Mondo
Per un nuovo internazionalismo
L’esempio della Global Flotilla, consapevoli del suo significato in gran parte solo politico e simbolico, può e deve essere esteso altrove dall’Ucraina ai conflitti dimenticati. La denuncia della violenza e la sacralità dell’umano sono universali
Nella nostra società civile, nelle nostre opinioni pubbliche, qual è il metro di giudizio del dolore, dell’empatia, dell’intensità dell’indignazione contro le guerre e le tragedie della storia? Siamo alla gerarchia del male? Un’entità collettiva ha emanato criteri in base ai quali popoli e nazioni possano essere riconosciuti da tutti come vittime e oppressi? E quali sarebbero i criteri? Il numero dei morti? La durata dei conflitti? La visione in diretta dei massacri? La cultura, l’appartenenza etno-nazionale delle vittime? Le responsabilità, le colpe degli stati, dei governi e degli apparati, riconosciute e denunciate sempre e solo quando sono occidentali, europee o americane? Anche questo è un doppio standard. Irricevibile.
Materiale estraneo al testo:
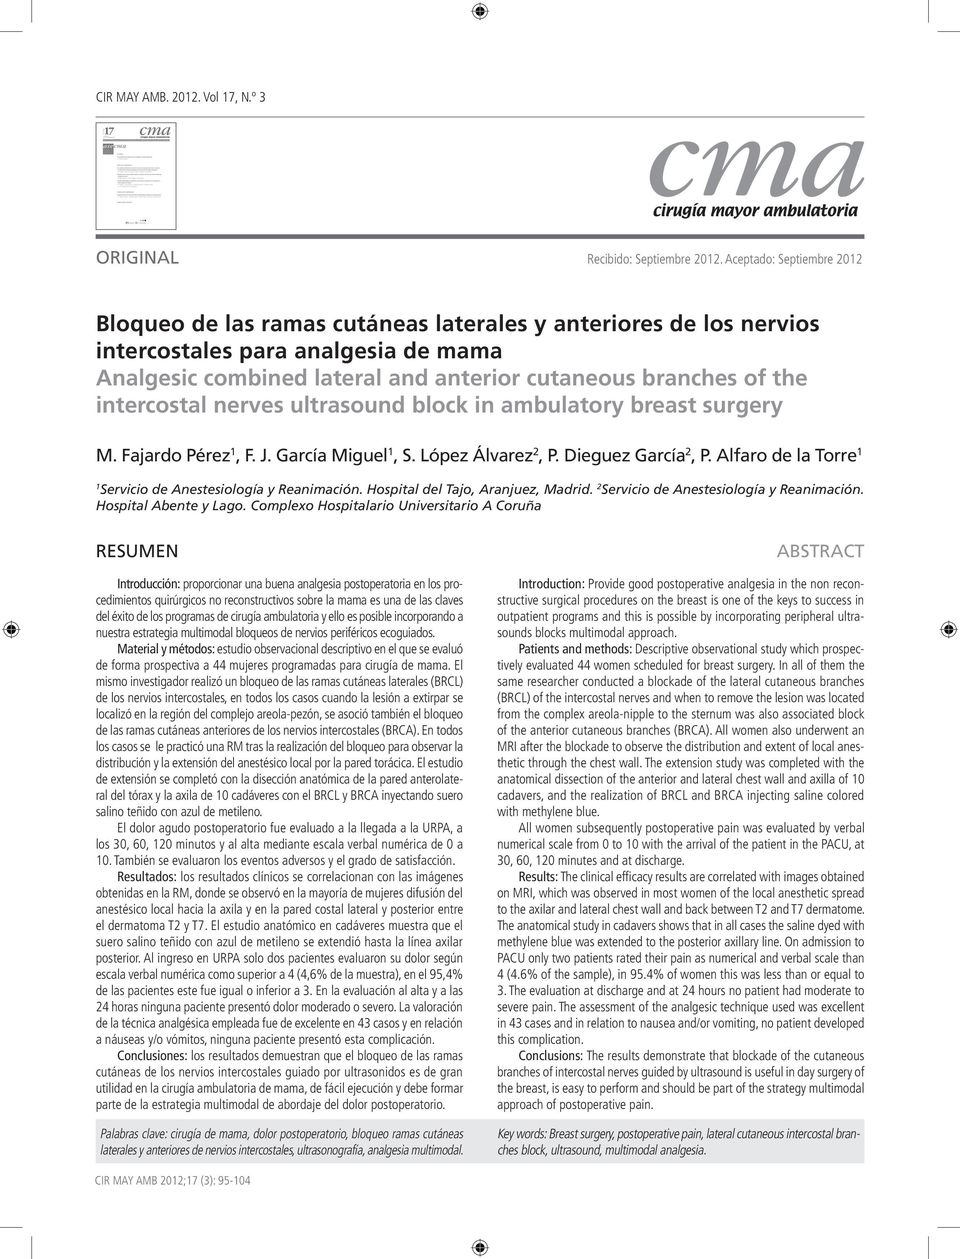 intercostal nerves ultrasound block in ambulatory breast surgery M. Fajardo Pérez 1, F. J. García Miguel 1, S. López Álvarez 2, P. Dieguez García 2, P.
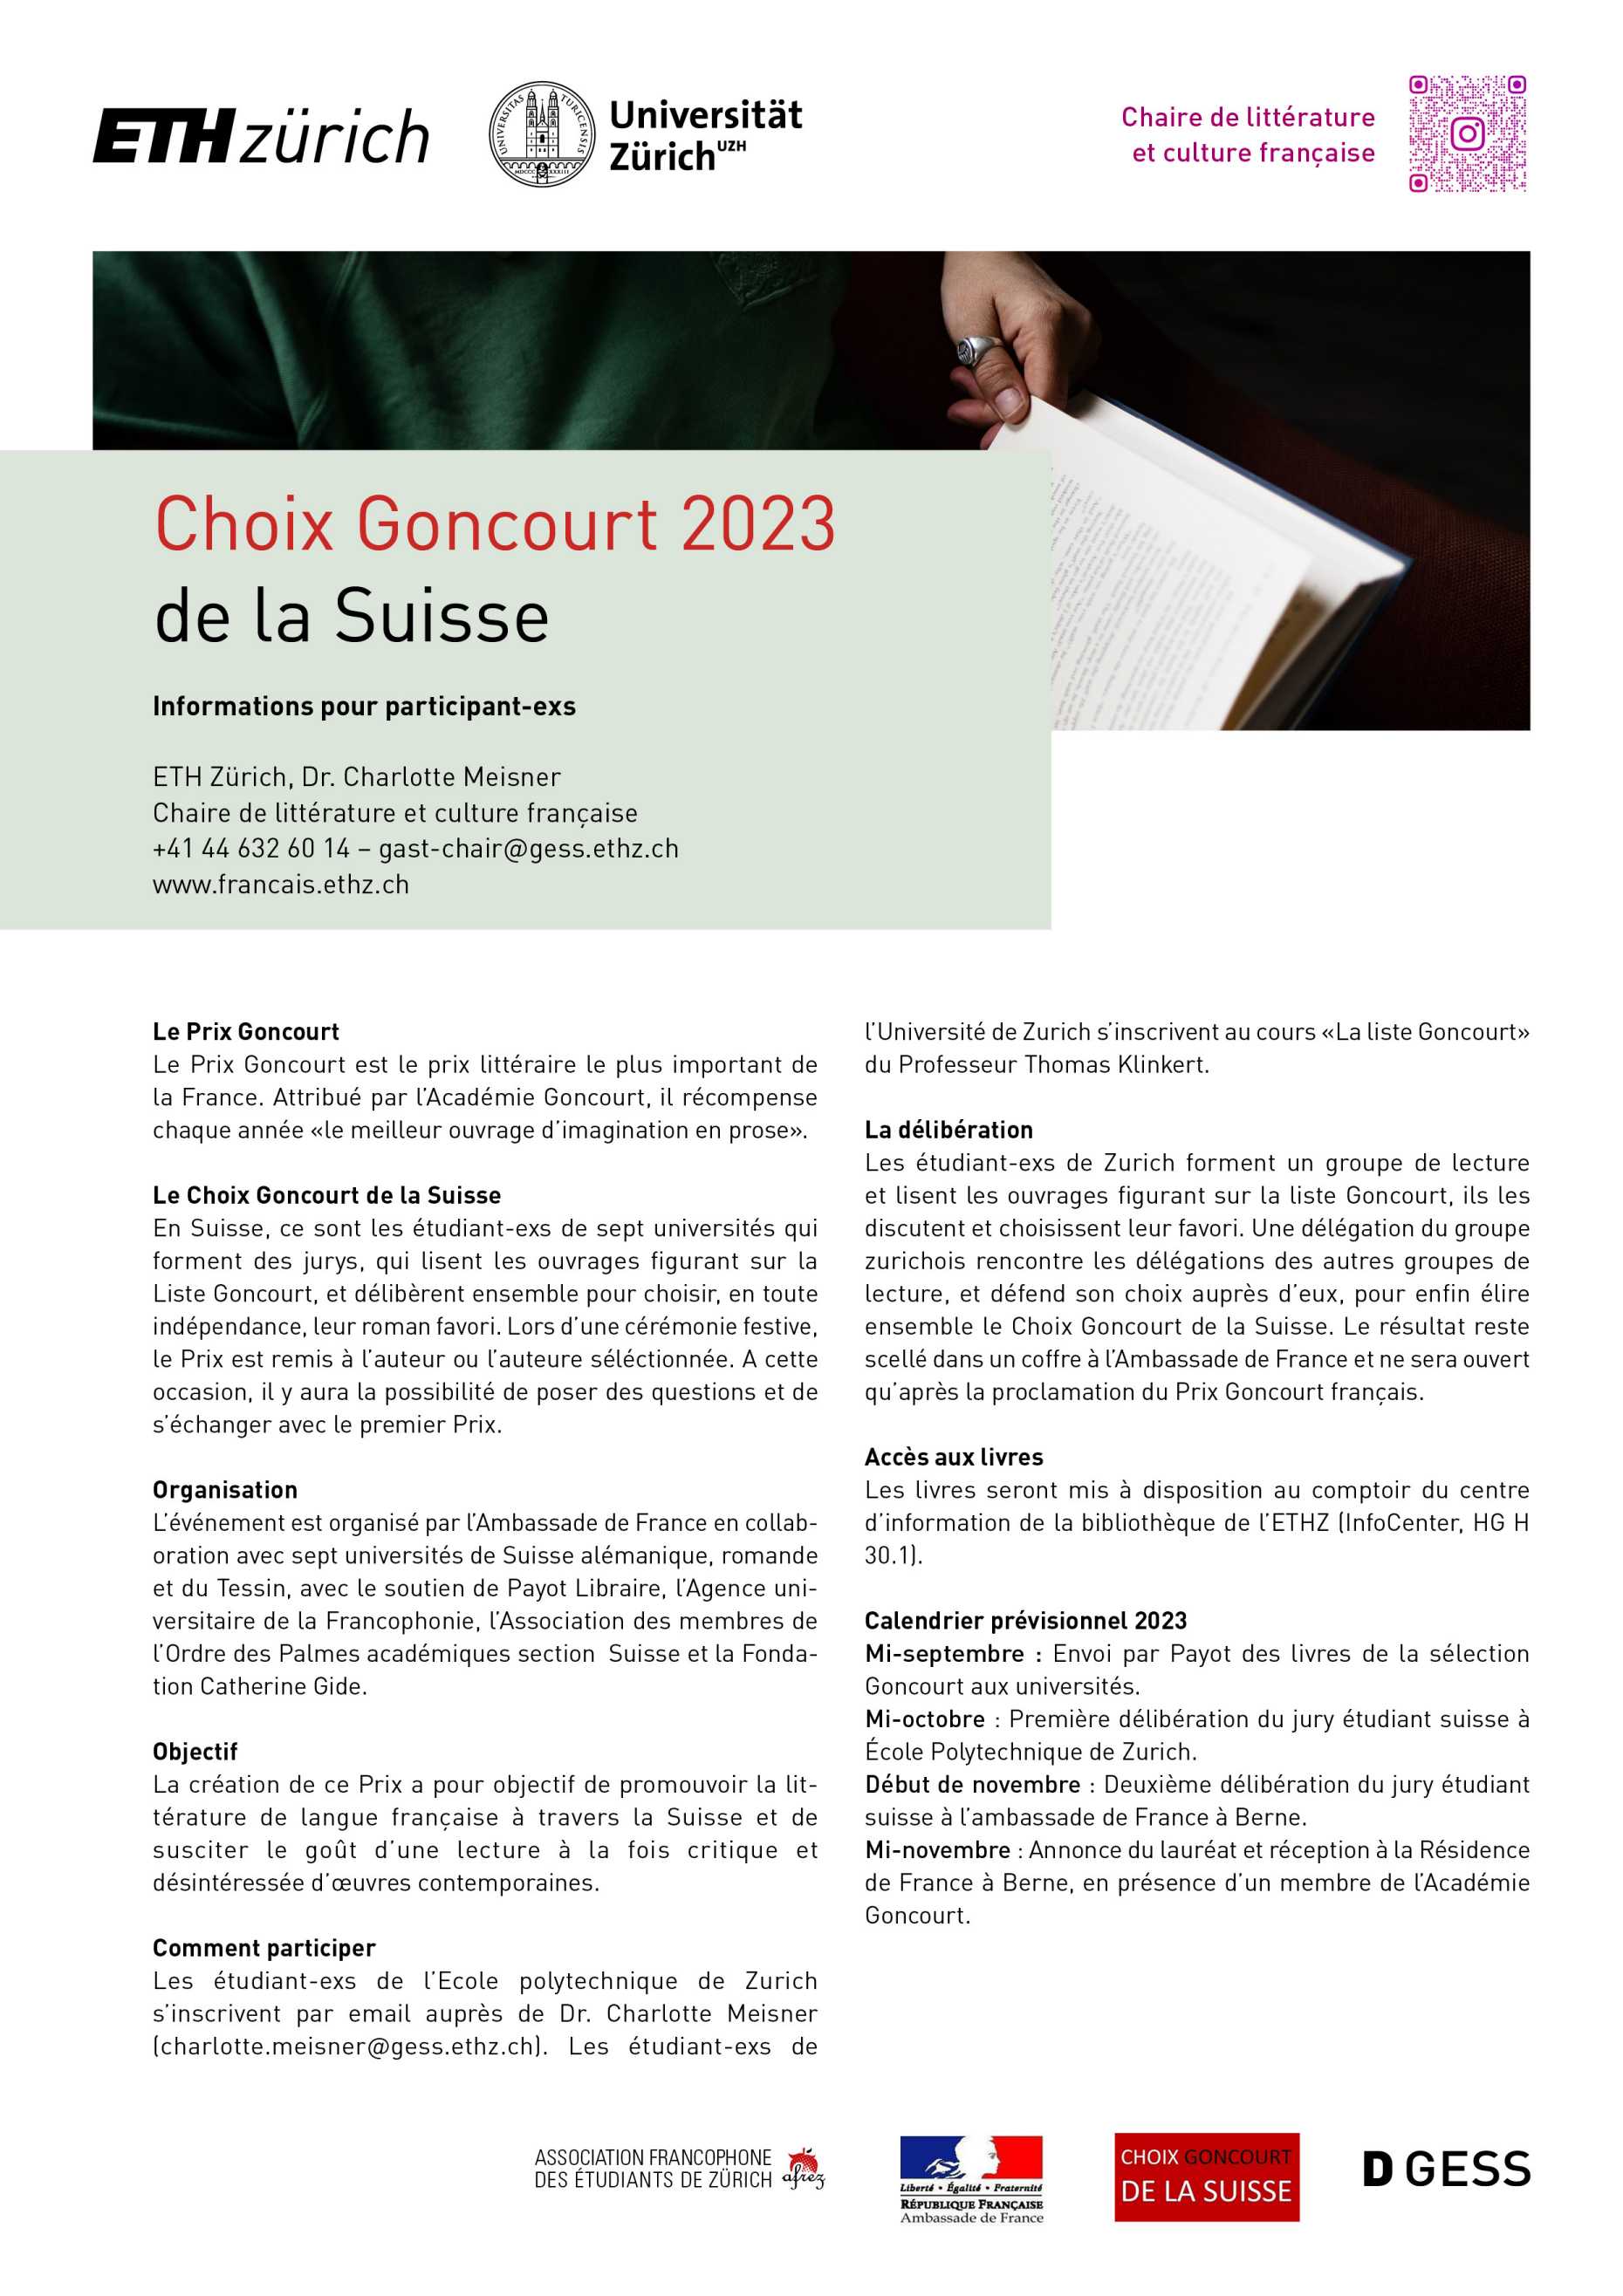 Choix Goncourt de la Suisse 2023

In questa era di guerre totali, di fronte al fallimento e all’impotenza politica delle Nazioni Unite, alla mancanza di un soggetto in grado di garantire il rispetto del diritto internazionale e umanitario, di concordare tregue e prospettive di pacificazione, dove la forza e la volontà di potenza degli stati appaiono incontenibili, l’esempio della Global Flotilla, consapevoli del suo significato in gran parte solo politico e simbolico, può e deve essere esteso altrove: abbiamo bisogno di un nuovo internazionalismo.